Further, the cross-embodied model transfers across different arms (e.g., 7-DoF Flexiv Rizon 4, and 6-DoF UR5),
and generalizes well to entirely new environments. For example, the fasteners task used no data from UR5 arms,
and zero data for that task inside the same evaluated environment.
We're encouraged by the early results and the potential this system demonstrates. More to come.
Task: Pick & sort fasteners
Evaluates the ability of an end-to-end model to quickly pick and sort small, thin objects from
clutter, and place them oriented into corresponding compartments. Hardware torque is the limiting
factor for cycle time.
Task: Fold a box, pack a bike chain lock & close
Evaluates capabilities in handling articulated and deformable objects over long-horizon sequences and
with precision; adapts to disturbances and modulates force precisely. After assembling the box, the
long bike lock chain needs to be deformably coiled into the box in order to fit. Precision is
particularly tested in closing the box, which requires aligning flaps on both sides of the box
simultaneously, each with millimeter-level tolerance. Note also that the arm is strong enough to crush
the box at any moment.
Task: Get the screws back into the glass jar
Evaluates tool use, precision, and bi-manual coordination across a number of maneuvers. The robot is
tasked with efficiently getting all the shiny M4 screws back into a clear container. As needed, it can
scrape them off a magnetic bit holder, bend the paper plate to form a makeshift funnel to pour them,
or pick them up one by one. Scraping requires precise interhand coordination (e.g. when does a scrape
become a grasp?), as does forming and transporting the funnel without spilling.
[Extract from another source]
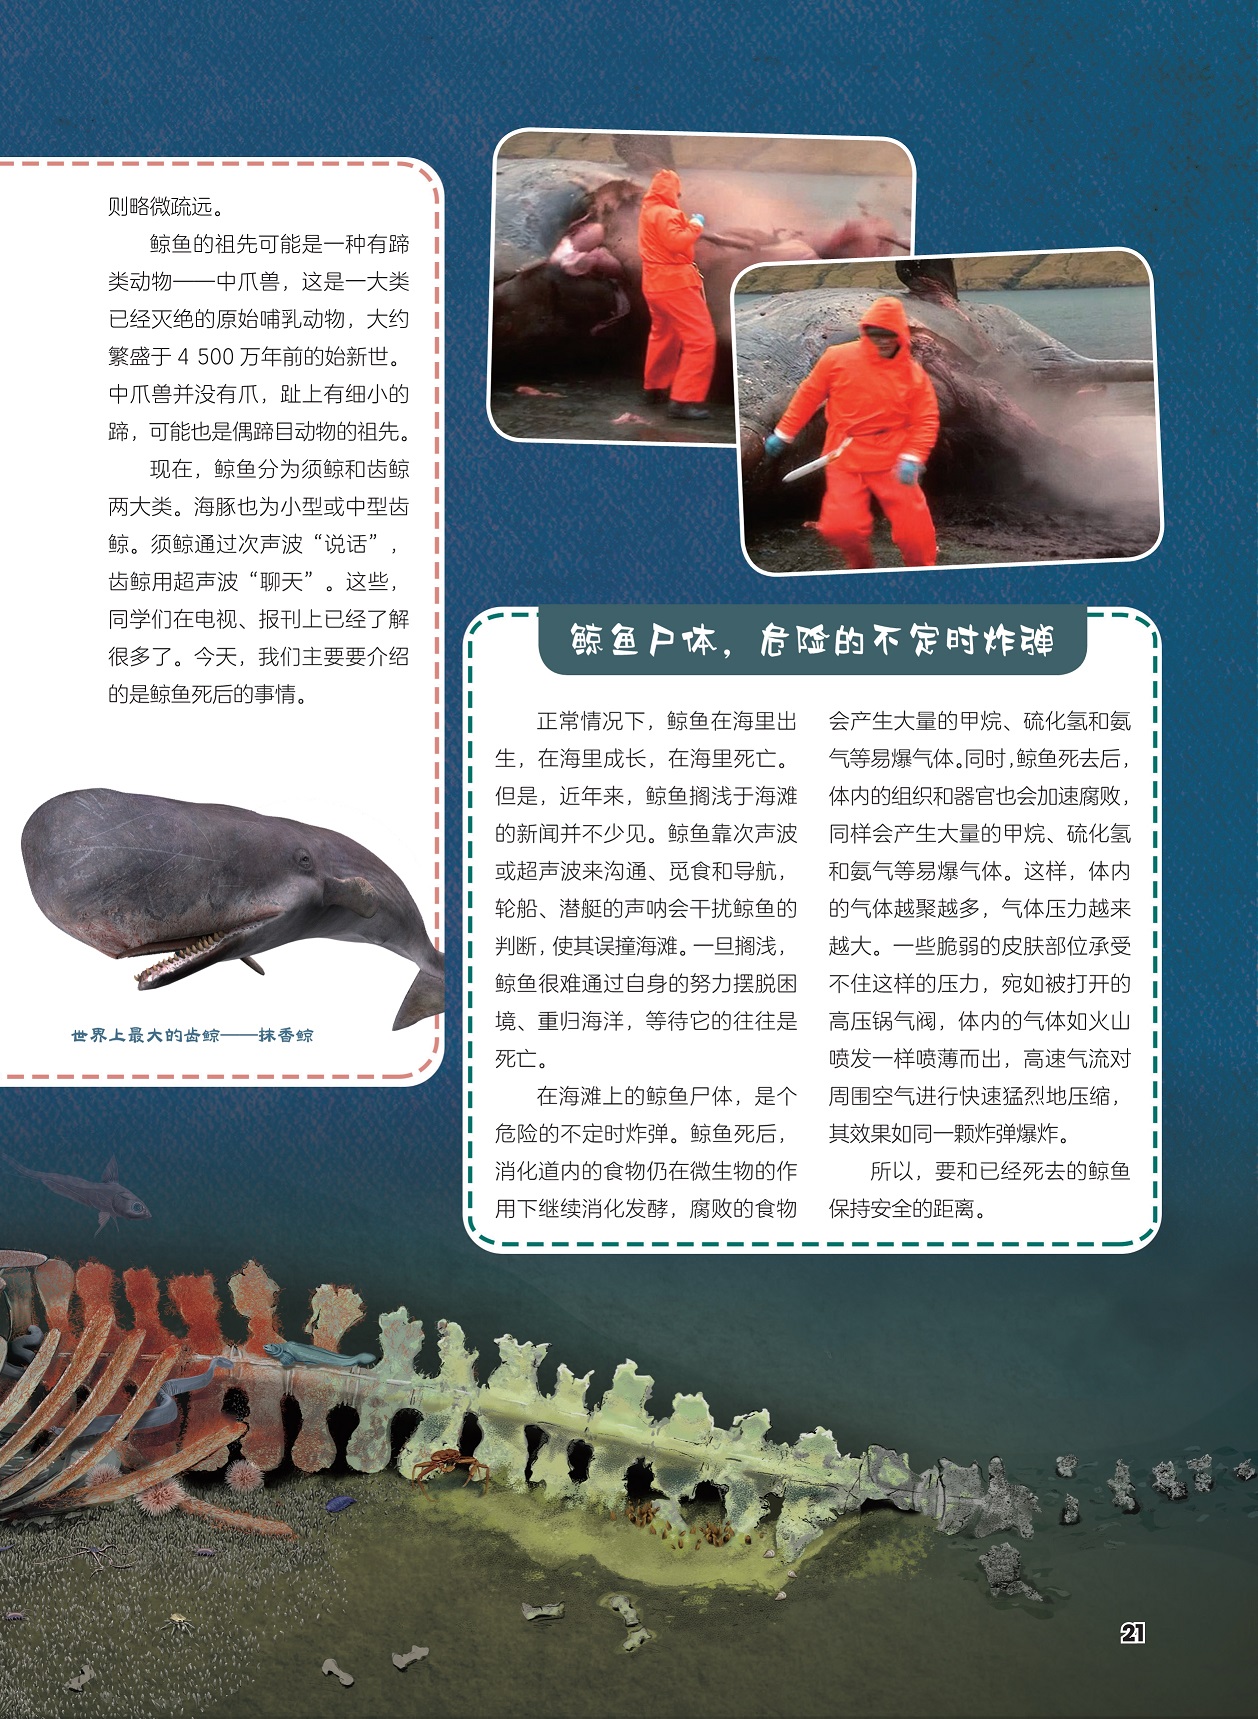 中爪兽是已经灭绝的原始哺乳动物,要和已经死去的鲸鱼保持安全的距离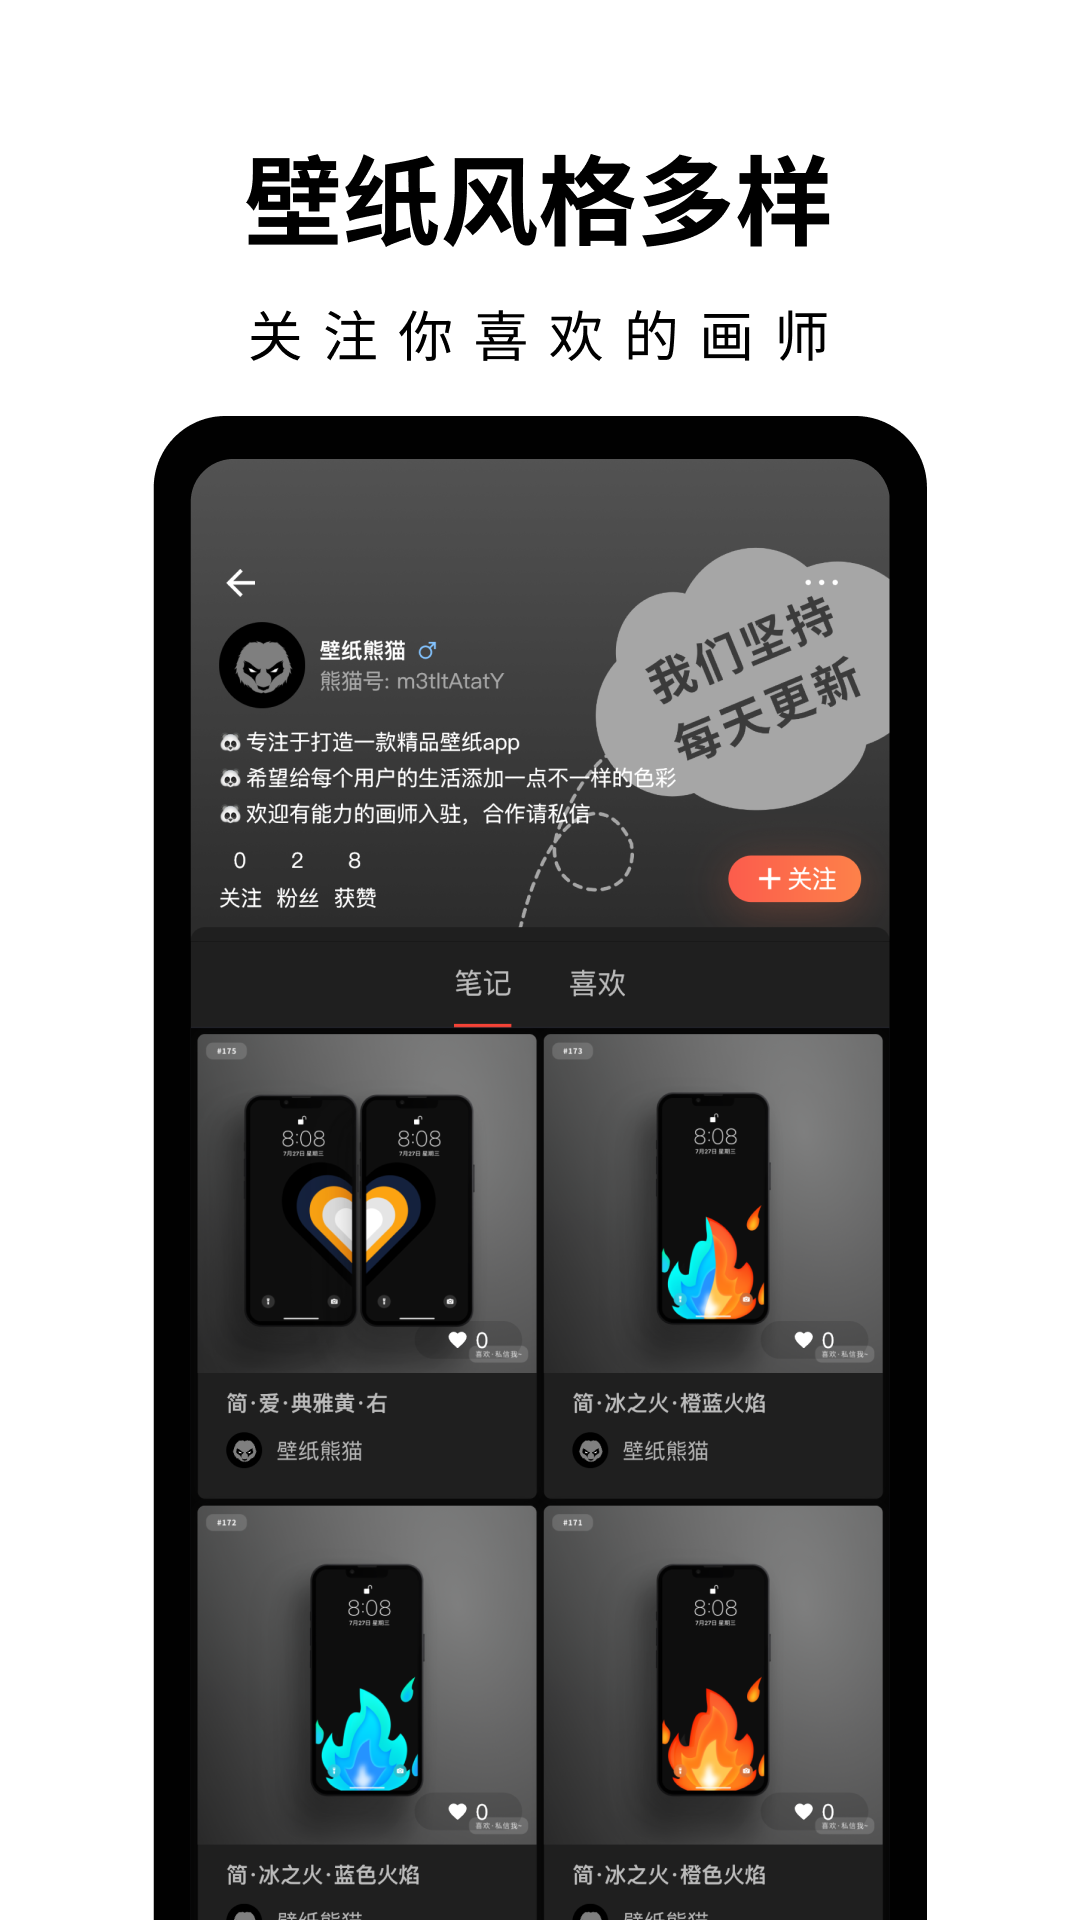 壁纸熊猫下载app软件图片1

Task: Break apart, sort, & throw Legos
Evaluates capabilities in precise regrasping, forceful interhand coordination, generalization, and
high-velocity maneuvers. The robot is tasked with deconstructing assembled legos and sorting the
bricks into their color-corresponding bins. This can require re-grasping the bricks to get a better
grip, before wiggling and twisting them apart. The robot generalizes over a distribution of brick
formations and works with any ordering and positioning of the bins, via visual conditioning. This task
can't be done slowly, due to the physics of throwing bricks.